As a concrete example, Lumen researchers saw JDY scans probing for CVE-2026-35616 shortly after Fortinet publicly disclosed the FortiClient EMS flaw, underscoring the botnet's speed at homing in on newly publicized vulnerabilities. The report also notes that JDY's most prominent targets span a range of sectors, with the U.S. military and associated entities singled out.

What this means for security teams, CISA, and affected device vendors

  • Security teams and technologists: Defenders should ensure routers, firewalls, and IoT devices are running the latest security updates and patches, disable unnecessary internet-exposed administrative interfaces, restrict remote management access, replace default credentials, and monitor for unusual outbound scanning activity originating from edge devices—measures cited directly in the report as ways to prevent devices from being recruited into reconnaissance networks.
  • CISA and regulators: The report echoes previous warnings from CISA about the risk posed by Volt Typhoon operatives to unprotected SOHO routers and reiterates CISA's urging that network device vendors eliminate vulnerabilities in SOHO router web management interfaces (WMIs) during design and development.
  • Affected vendors (Cisco, Ubiquiti, Fortinet, Linksys, Hikvision, DrayTek, Araknis, Mimosa Networks): Vendors whose products appear in the compromise list should prioritize patching and hardening guidance for customers, and consider design changes to reduce exploitable management interfaces—steps consistent with the report's defensive recommendations.

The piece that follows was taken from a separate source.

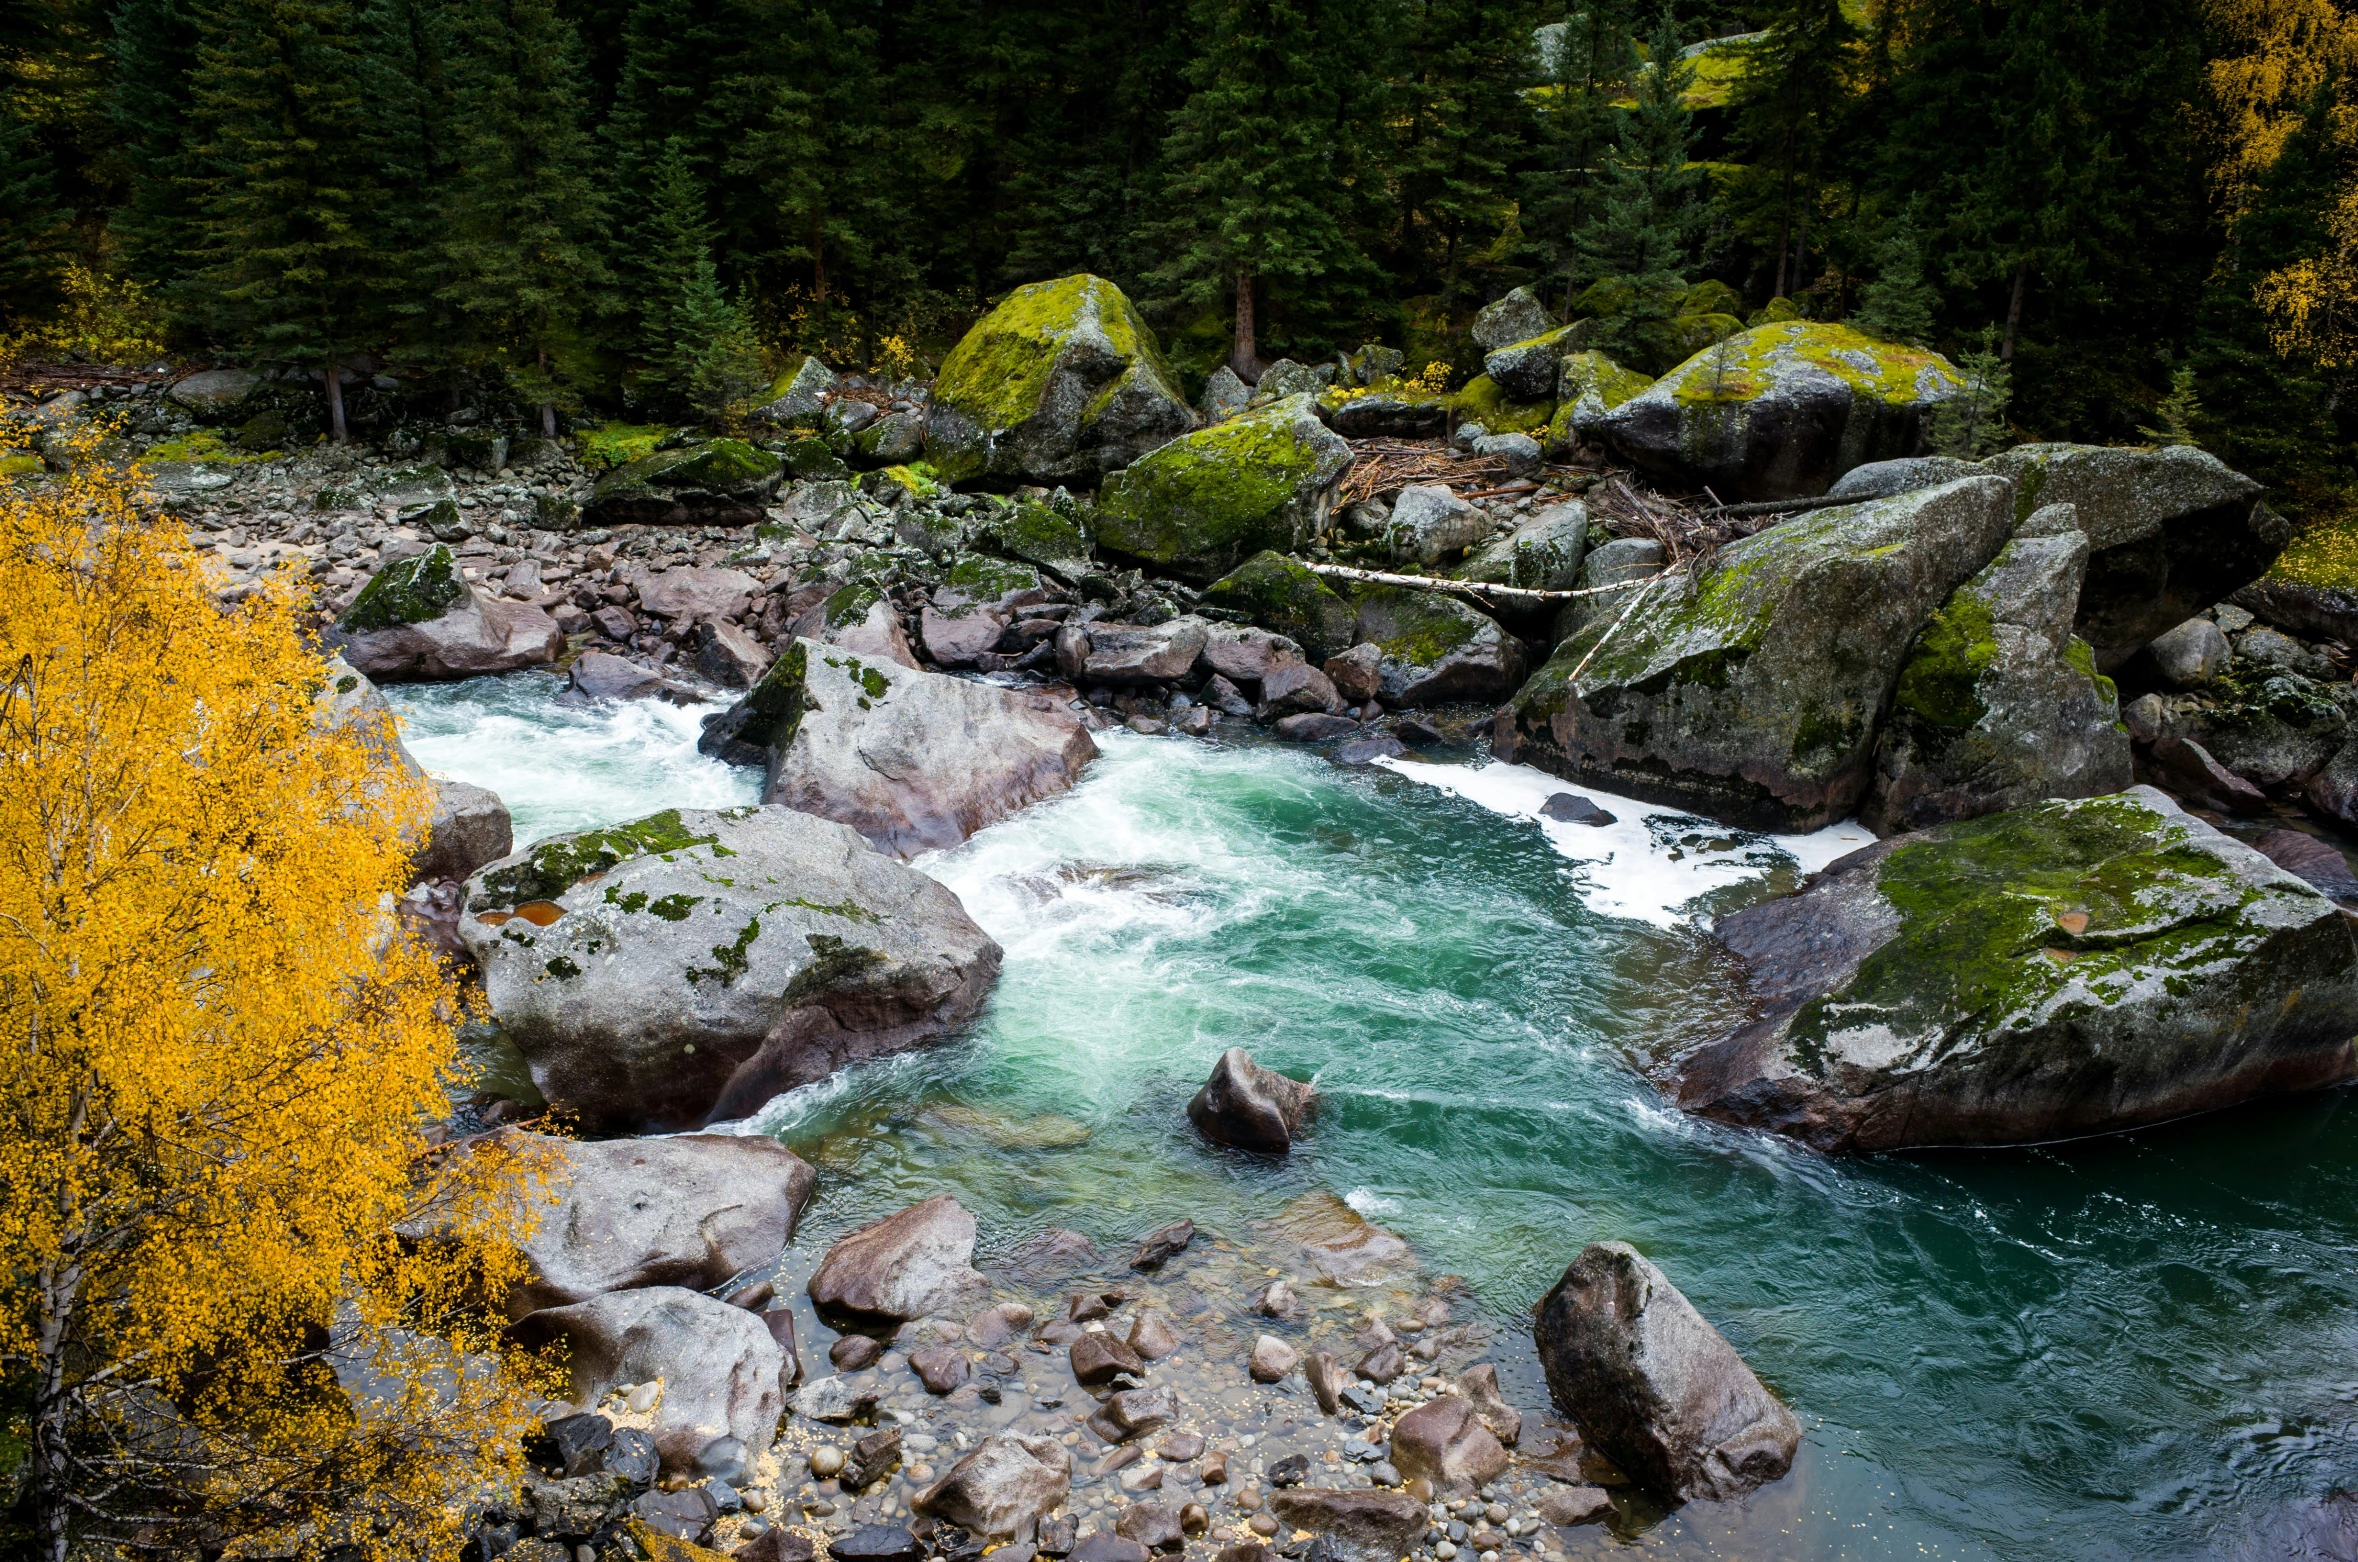 a river filled with rocks and water surrounded by green trees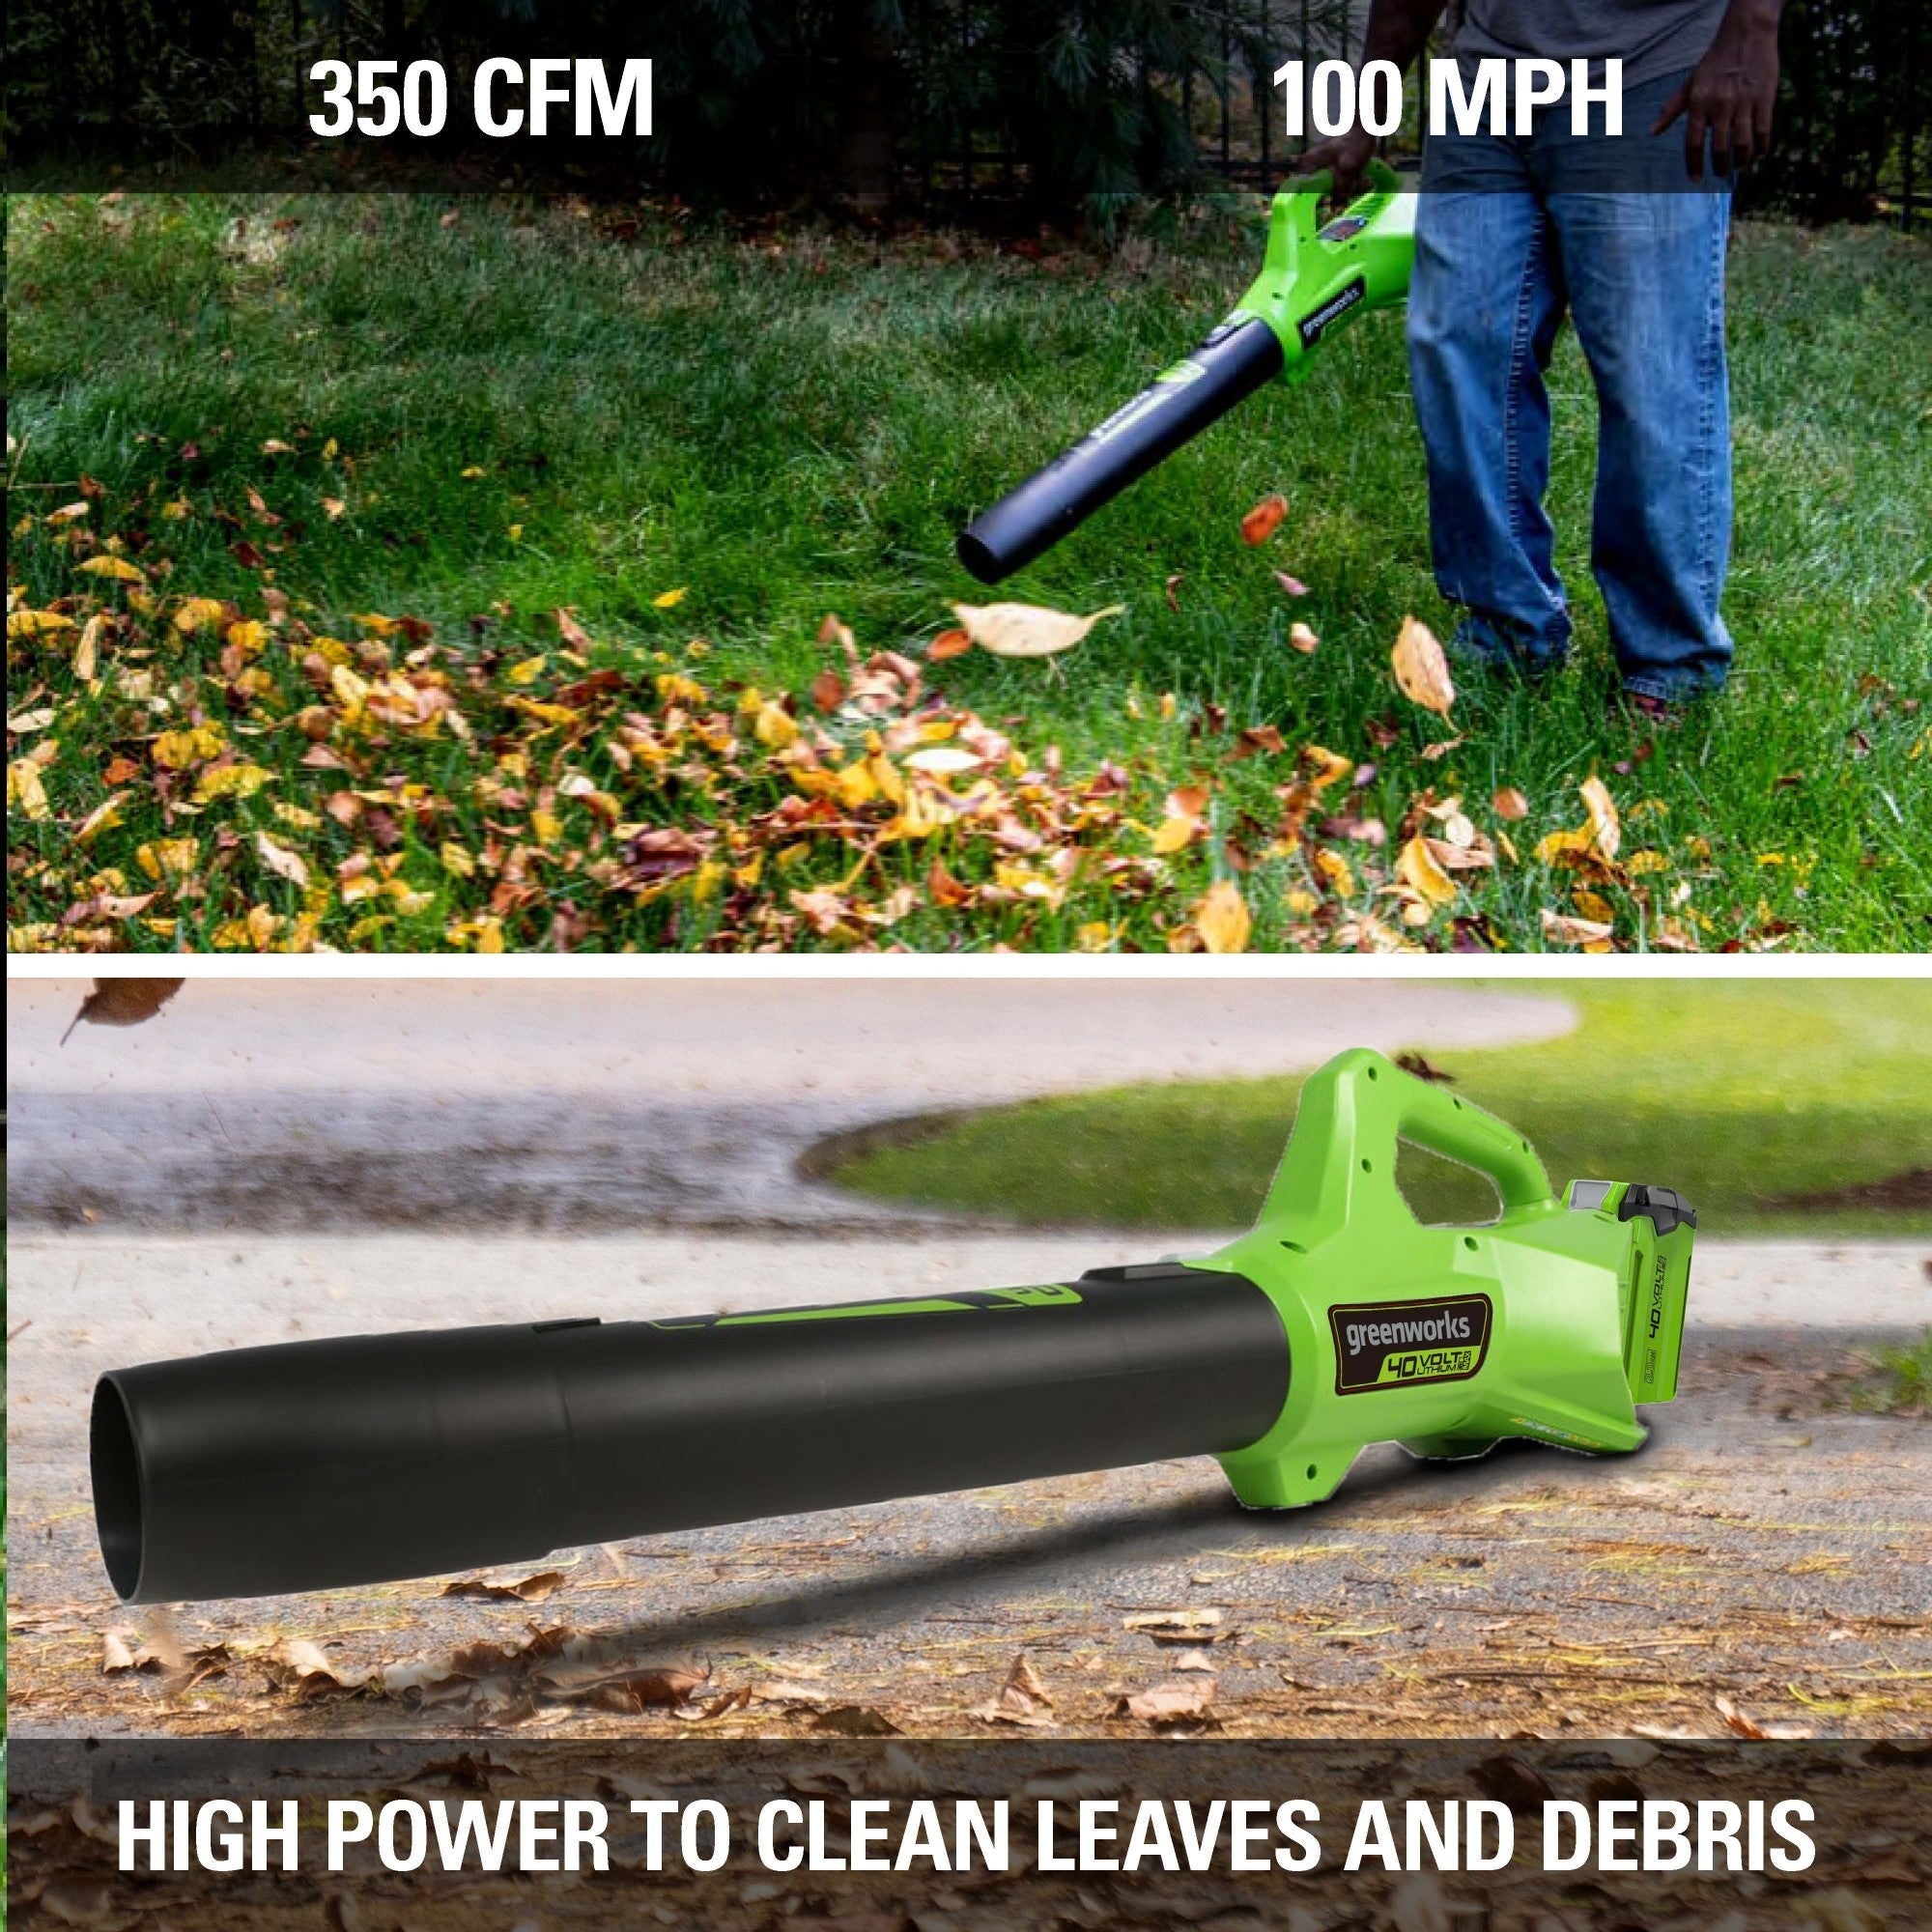 40V 21" Cordless Battery Self-Propelled Lawn Mower, 13" String Trimmer & 350 CFM Leaf Blowerw/ (1)5.0Ah Battery,(1)2.0Ah Battery & (2)Chargers

The JDY botnet illustrates a shift in tradecraft: smaller numbers of compromised edge devices used not to flood targets with traffic but to harvest high-fidelity reconnaissance for rapid exploitation. Black Lotus Labs' findings tie that reconnaissance directly to post-disclosure activity and to targeting that places U.S. military networks "as the most prominent." Organizations dependent on SOHO and IoT edge equipment now face a clear choice outlined in the report—patch, reduce exposure, and monitor outbound scanning—or risk having their devices turned into sensors for advanced persistent threats.